In the new world of instant, ubiquitous global communication confronting rampant impunity, injustice and inequality, people do find themselves with lots of new, and newly collective power in their hands.  Using it against their political and economic oppressors relentlessly as well as civilly may shift the balance of yet another global struggle.  Call it World War IV (the better one): of common humanity against greed and exploitation.   


1 comment:

  1. Corruption in the Balkans? It is as much in the Balkans DNA as it is in so many other places in the world. Nothing new there. Finding faults in the Dayton accords is a verdict that Richard Holbrooke would agree with. It took the full force of his forceful and unpleasant personality to bring the parties kicking and screaming to the negotiating table and then force an agreement through threats and bribes and yet more threats. But the point is he put an end to the killing. Putting the baddies back in control after conflicts is often a given. See WW II. The losers who have experience at running governments are often the only ones available to put humpty dumpty back together again after a war or similar insurrection has torn a country apart. Looking back the view is bleak, and there were mistakes made. The current demonstrations may or may be a precursor.
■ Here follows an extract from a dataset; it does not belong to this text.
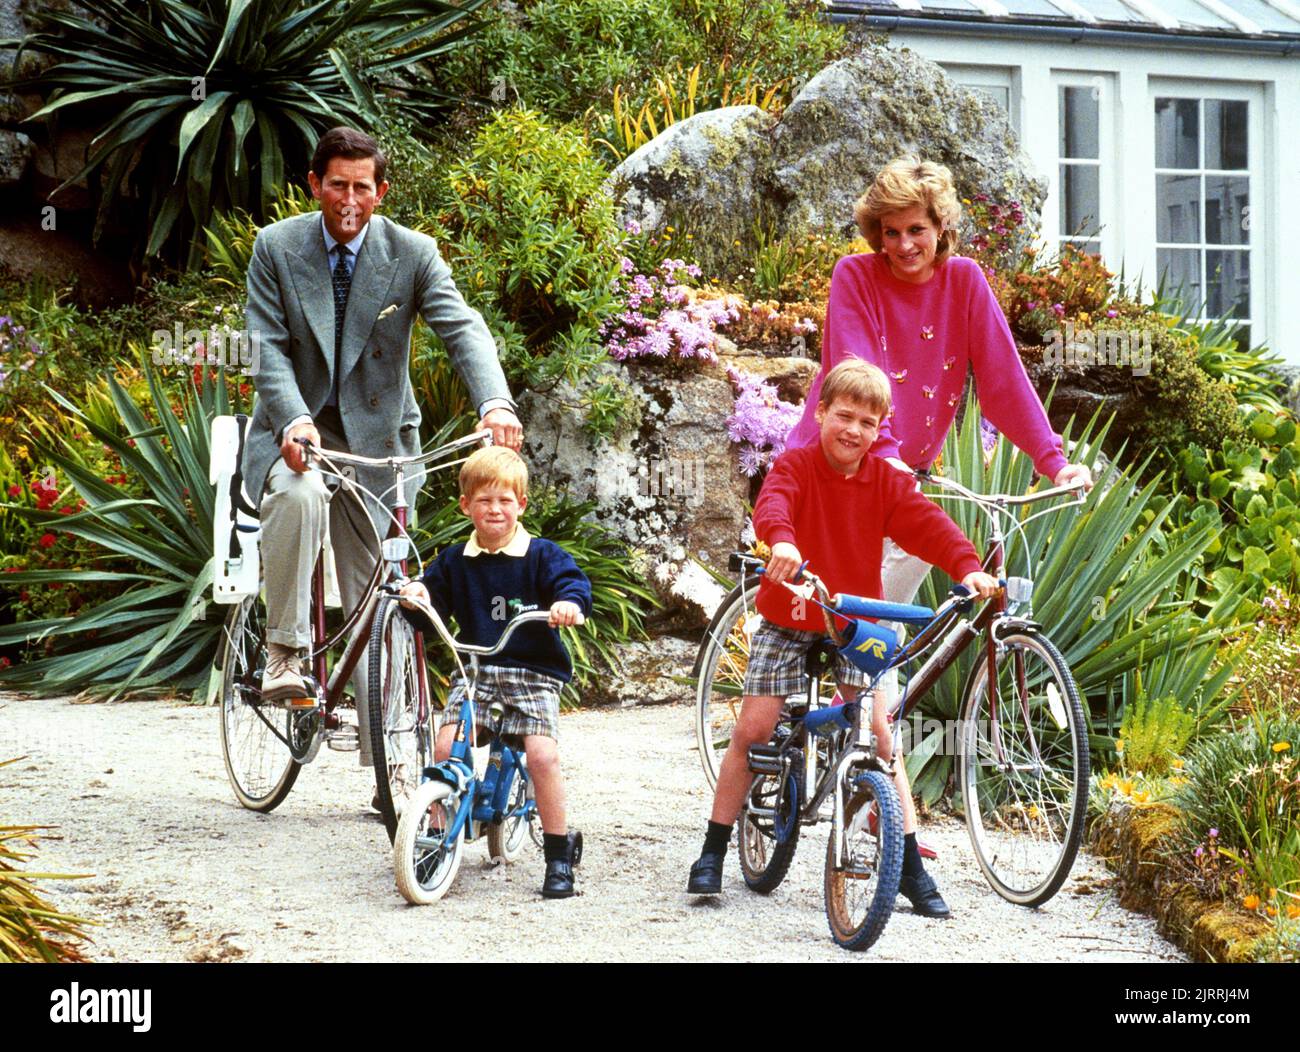 File photo dated 01/06/89 of the Prince and Princess of Wales with sons Prince William, and Prince Harry prepare for a cycling trip in Tresco during their holiday in the Scilly Isles. Diana, Princess of Wales, was killed on August 31 1997 in a car crash in the Pont de l'Alma tunnel in Paris. Issue date: Friday August 26, 2022. Stock Photo

But there is a somewhat cynical view that says: Its the Balkans with their long history of strife and conflict. Tito held Yugoslavia together with the force of his will (and the size of his army). But once he left the scene the forces that seem destined to split the Balkans took hold, and opportunists like Tudjman and Milosevic raised the nationalists flag ad attendant hatreds to break up the House of Tito and set the peoples against each other. Will it happen again? I doubt it. There are new economic interests that can trump the old madness. Nevertheless it never takes much to bring factions into the streets of any of the Balkan countries, including Greece. That doesn't mean armies need to be sent in to keep the peace.